One number kept coming up.
Increasing your sense of belonging produces happiness gains six times larger than reducing your social media use.
Six times. From Oxford University and Gallup. The most cited happiness study on the planet.
Quick context on why this matters right now.
The US, Canada, Australia, New Zealand — youth happiness has dropped so badly in these countries that they rank 122nd to 133rd out of 136 countries in happiness changes over the last 15 years. Only countries in active conflict ranked lower. Girls in Western Europe using social media 7+ hours a day score nearly a full point lower on the global happiness scale than girls who use it under an hour. These are not small effects.
So everyone is asking the same question: is social media doing this?
The report’s answer is: partly, yes. But the more interesting finding is what actually fixes it.
When researchers compared two things — cutting social media use versus building belonging — belonging won by a factor of six. Measured across 270,000 students in 47 countries. It’s the most robust finding in the study and almost nobody covered it because “belonging” doesn’t make as good a headline as “social media bad”.
What creates belonging? The report just says it plainly: repeated, in-person contact with people you care about, in contexts worth showing up to.
Which is, if you strip everything back, a dinner party. A gathering. Any room where real people show up for each other.
I’ve been building YourEventKit for a while now, and the honest version of why I think events matter has always been harder to articulate than “here are 257 tools”. This is the articulation. A well-run event isn’t a nice occasion — it’s the highest-ROI happiness investment the research has found. Six times higher than the thing everyone is trying to cut back on.

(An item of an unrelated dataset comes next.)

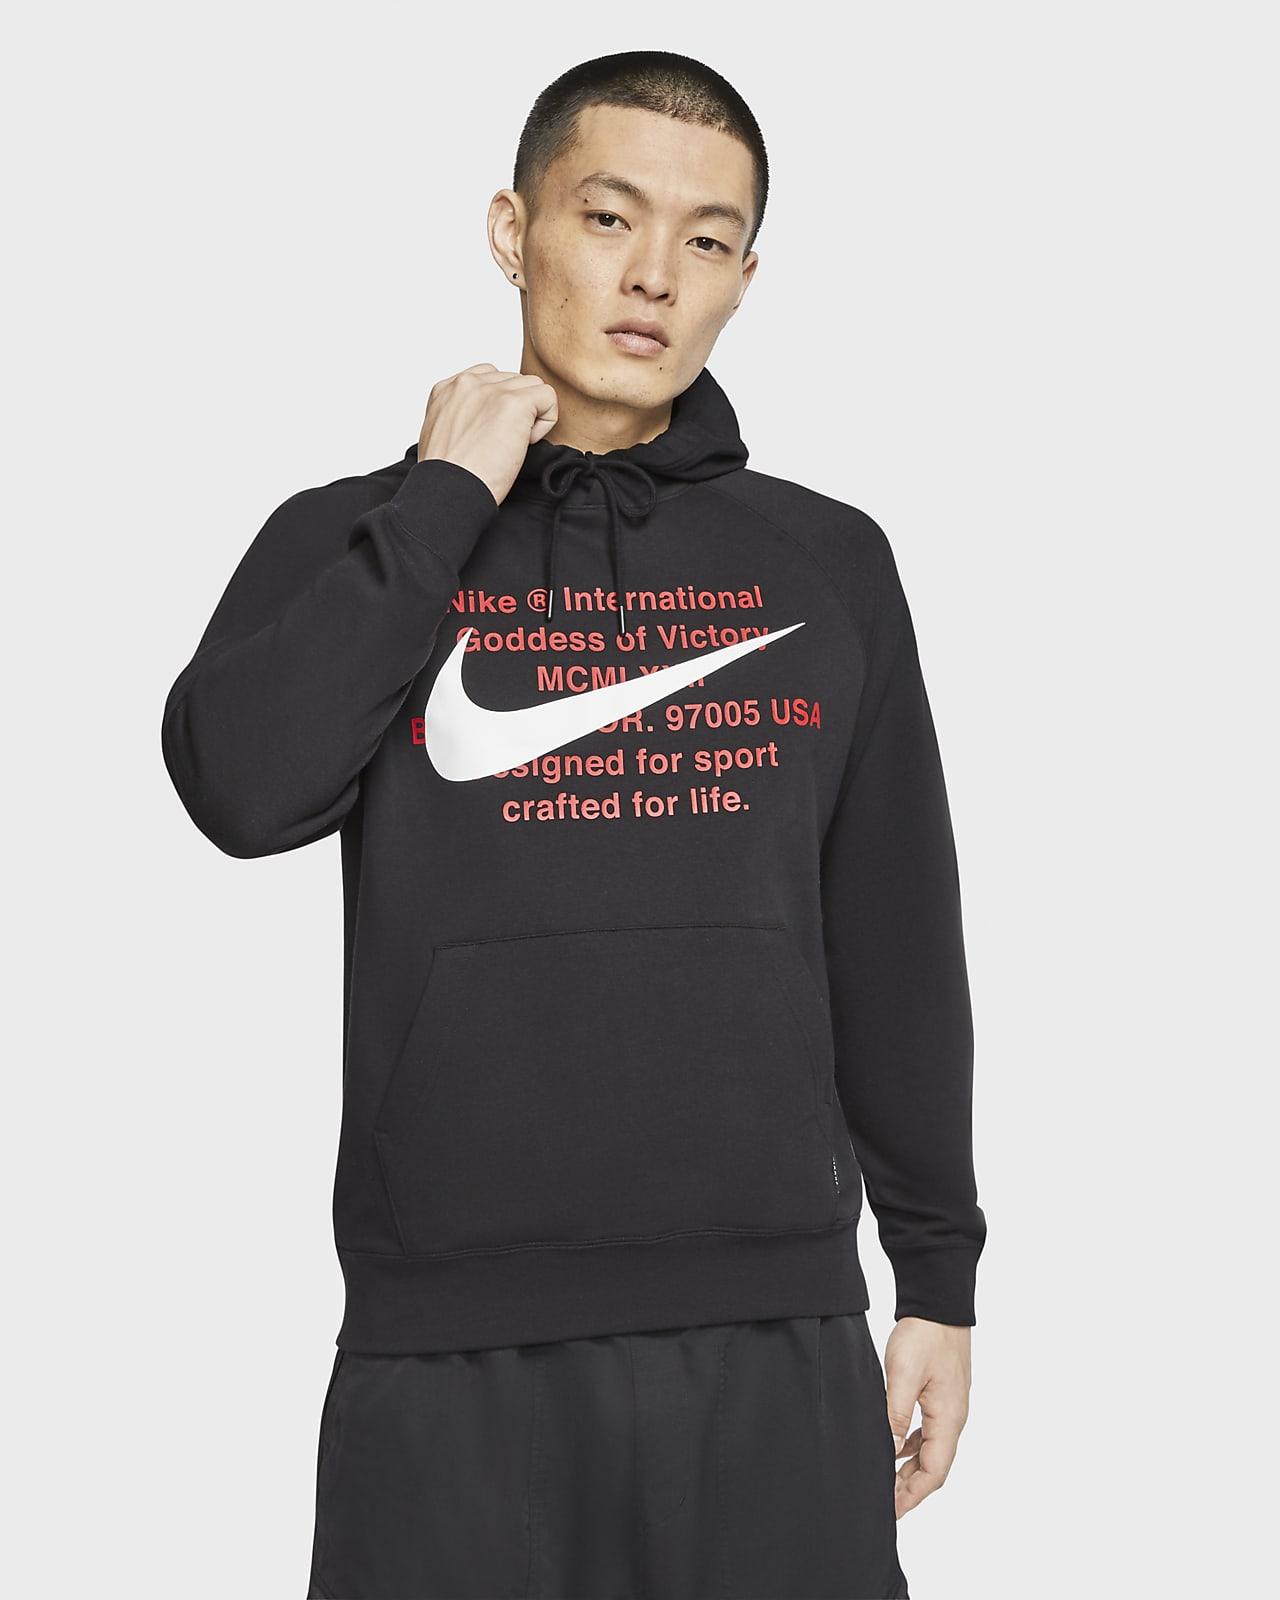 Sobrevivir Pizza Miedo a morir  Nike Sportswear Swoosh Men's French Terry Pullover Hoodie. Nike ID

There’s one more finding worth knowing.
Most US college students in the study said they’d pay money to eliminate Instagram and TikTok from their community entirely. Not their own phones — everyone’s. They use these platforms because everyone else does. Opting out individually just makes you lonelier.
Economists call this a negative externality. Your heavy use makes me worse off, even if I barely use it.
Events are the opposite of that. Every extra person who shows up makes the thing better for everyone else. The value compounds. It’s a positive externality — one of the few left.
That’s the happiness ROI of a dinner party. It’s not vibes. It’s the data.